Voters to decide homeless tent policies
A measure headed for the November ballot would make it easier for police to remove homeless tent encampments.
A measure headed for the November ballot would make it easier for police to remove homeless tent encampments.
A measure headed for the November ballot making it easier for police to remove homeless tent encampments on short notice is likely to face stiff opposition from homeless advocates and progressives.
Supervisor Mark Farrell submitted his “Housing Not Tents” initiative Wednesday with the support of Supervisors Scott Wiener, Katy Tang and Malia Cohen.
The measure, which requires a simple majority to pass, would allow police to remove homeless encampments as long as they provide 24 hours notice in writing and offer a specific shelter bed or housing opportunity.
The city’s Department of Public Works would store personal belongings taken from encampments for up to 90 days after removal, according to the measure.
Homeless tent encampments became a highly visible and contentious symbol of the city’s housing crisis this winter as they sprang up in large numbers in the South of Market neighborhood and other areas.
The City conducted sweeps in some areas including Division Street after the Department of Public Health issued 72-hour notices declaring the camps to be a health hazard. At least some of those displaced in the sweeps were offered beds in city shelters, but residents complained that in many cases they simply relocated to new spots a few blocks away.
Farrell’s measure is expected to meet with opposition from advocates for the homeless and progressives, who have argued that the city does not have enough viable shelter beds and housing opportunities to give all of those displaced by sweeps somewhere to go.
Farrell said he believed the city would have sufficient revenue for homeless housing, Navigation Centers and homelessness programs for his policy to succeed:
“It is not compassionate to allow human beings to live in tents on our streets – it is both dangerous and unhealthy. … The answer to homelessness is housing, not tents. The City of Saint Francis needs to do everything in our power to get the homeless into housing and out of these encampments.”
Jennifer Friedenbach, executive director of the Coalition on Homelessness, said the city already has multiple laws on the books allowing police to remove the homeless and their camps. She noted that the measure would only require police to offer one night in a shelter bed, making it no better than the status quo:
“We have laws that make it illegal for people to sleep on the streets and that’s clearly not working. … We would like to see an approach that doesn’t use homeless people as political fodder.”
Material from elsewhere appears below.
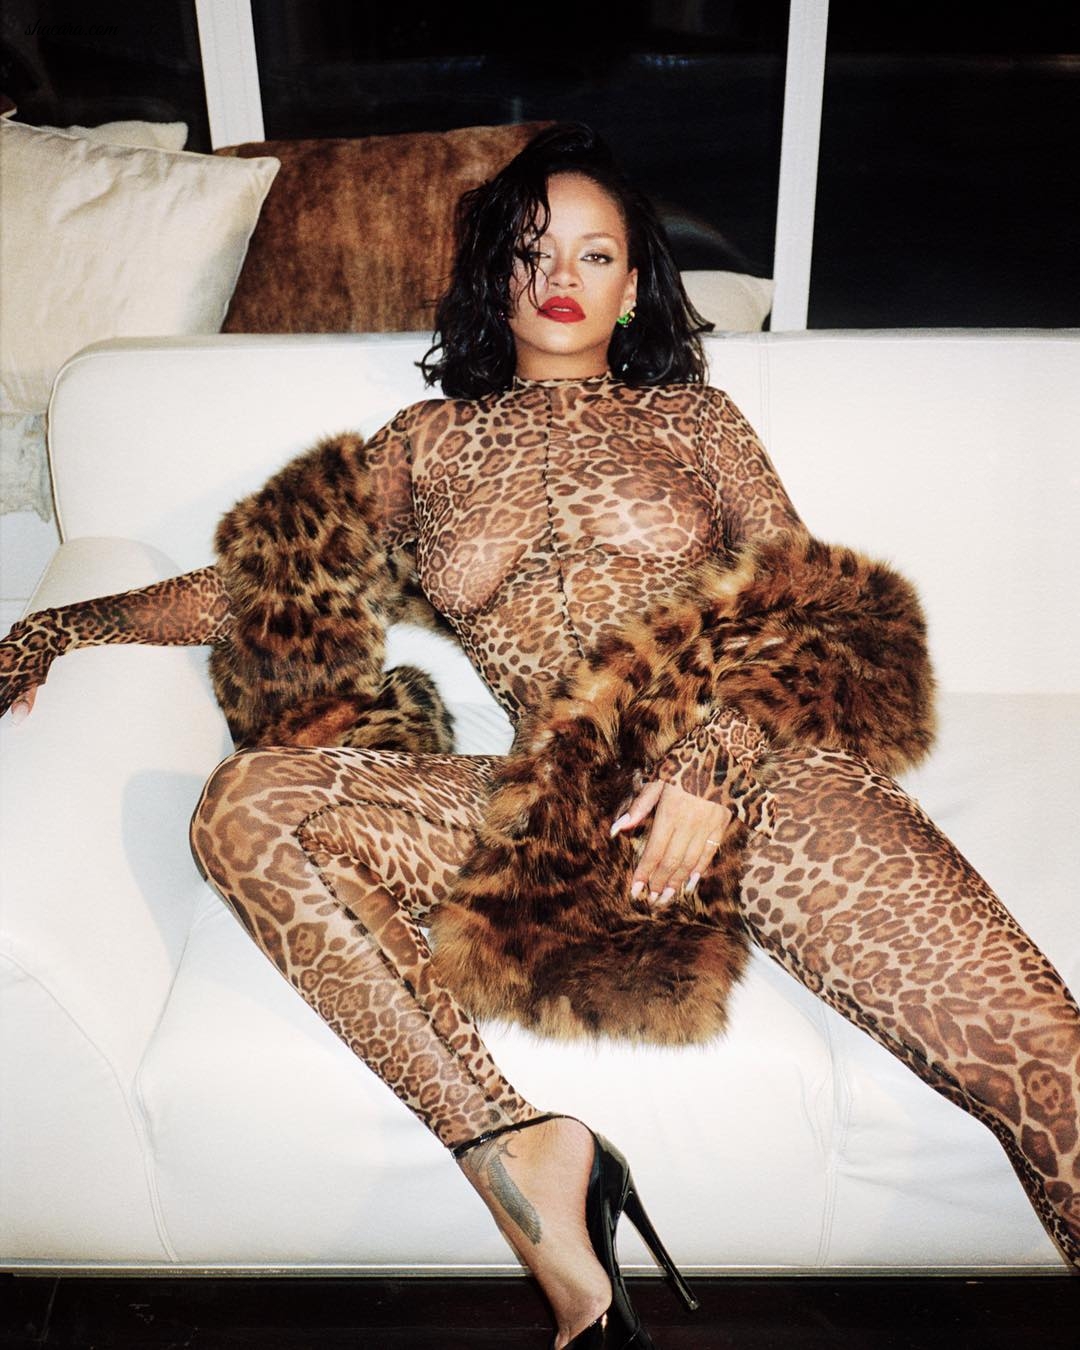 Rihanna Takes On Leopard Print Outfit And Fur In New Fashion Editorial
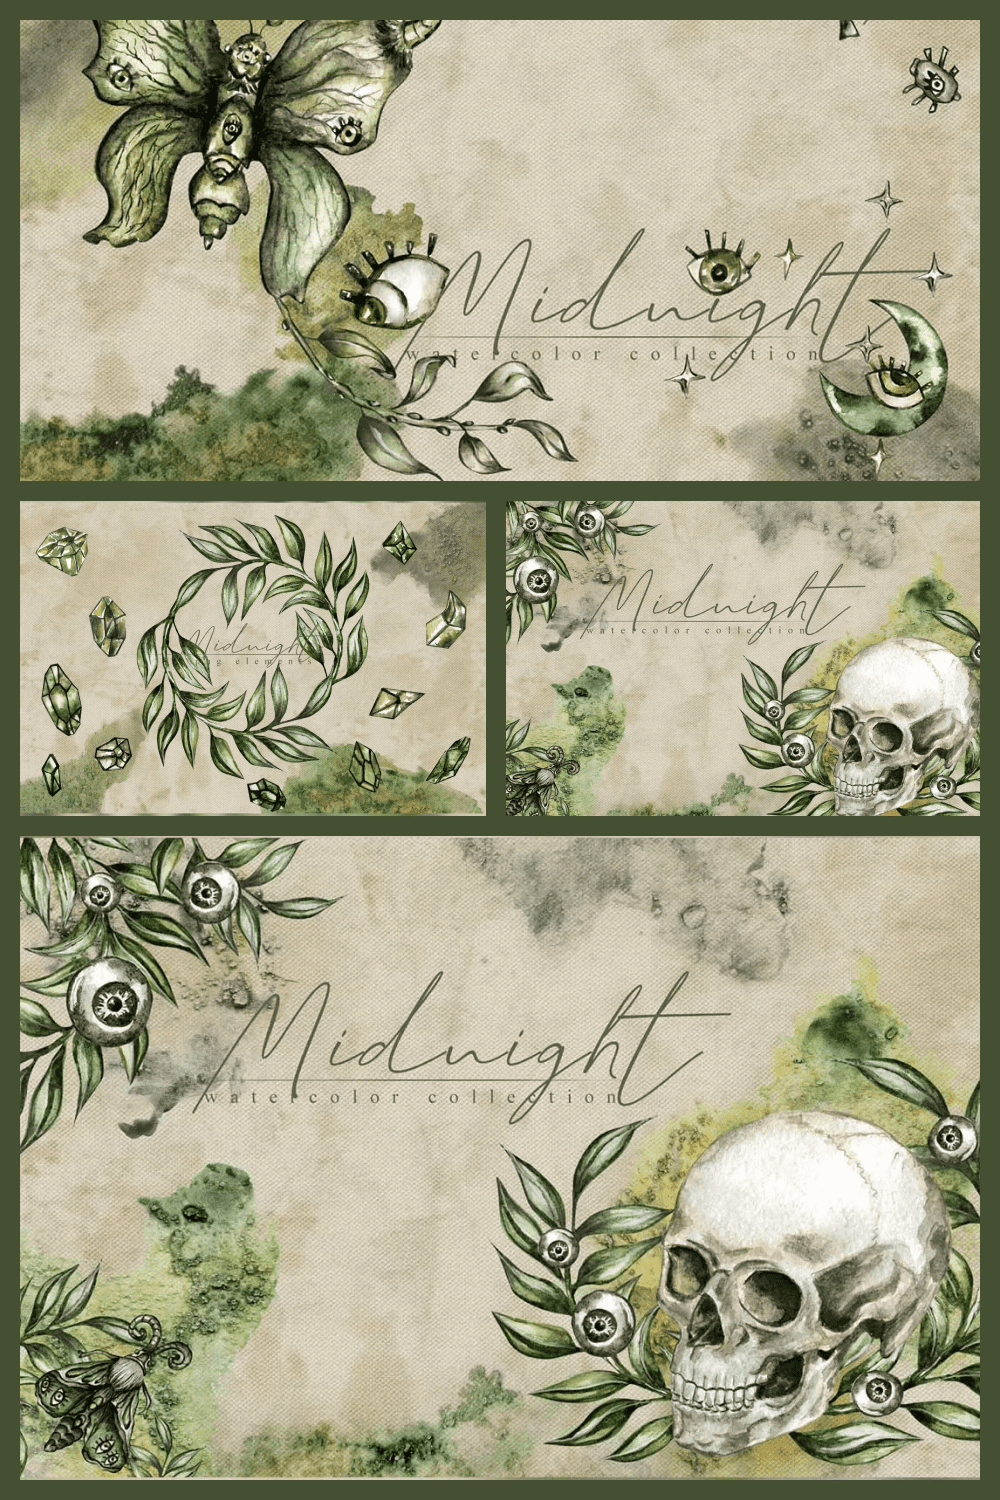 Collage of images of a skull and leaves on a green background.

Supervisor John Avalos in April announced he was working with the coalition on legislation establishing guidelines for the relocation of those living in camps, but that legislation is still being developed. Freidenbach said members of her group met with Farrell just last week to discuss that legislation, and were not told then of his pending ballot measure.
The American Civil Liberties Union and other civil rights activists also delivered a letter of demand to the city earlier this month challenging the legality of the city’s process for confiscating and destroying the belongings of the homeless.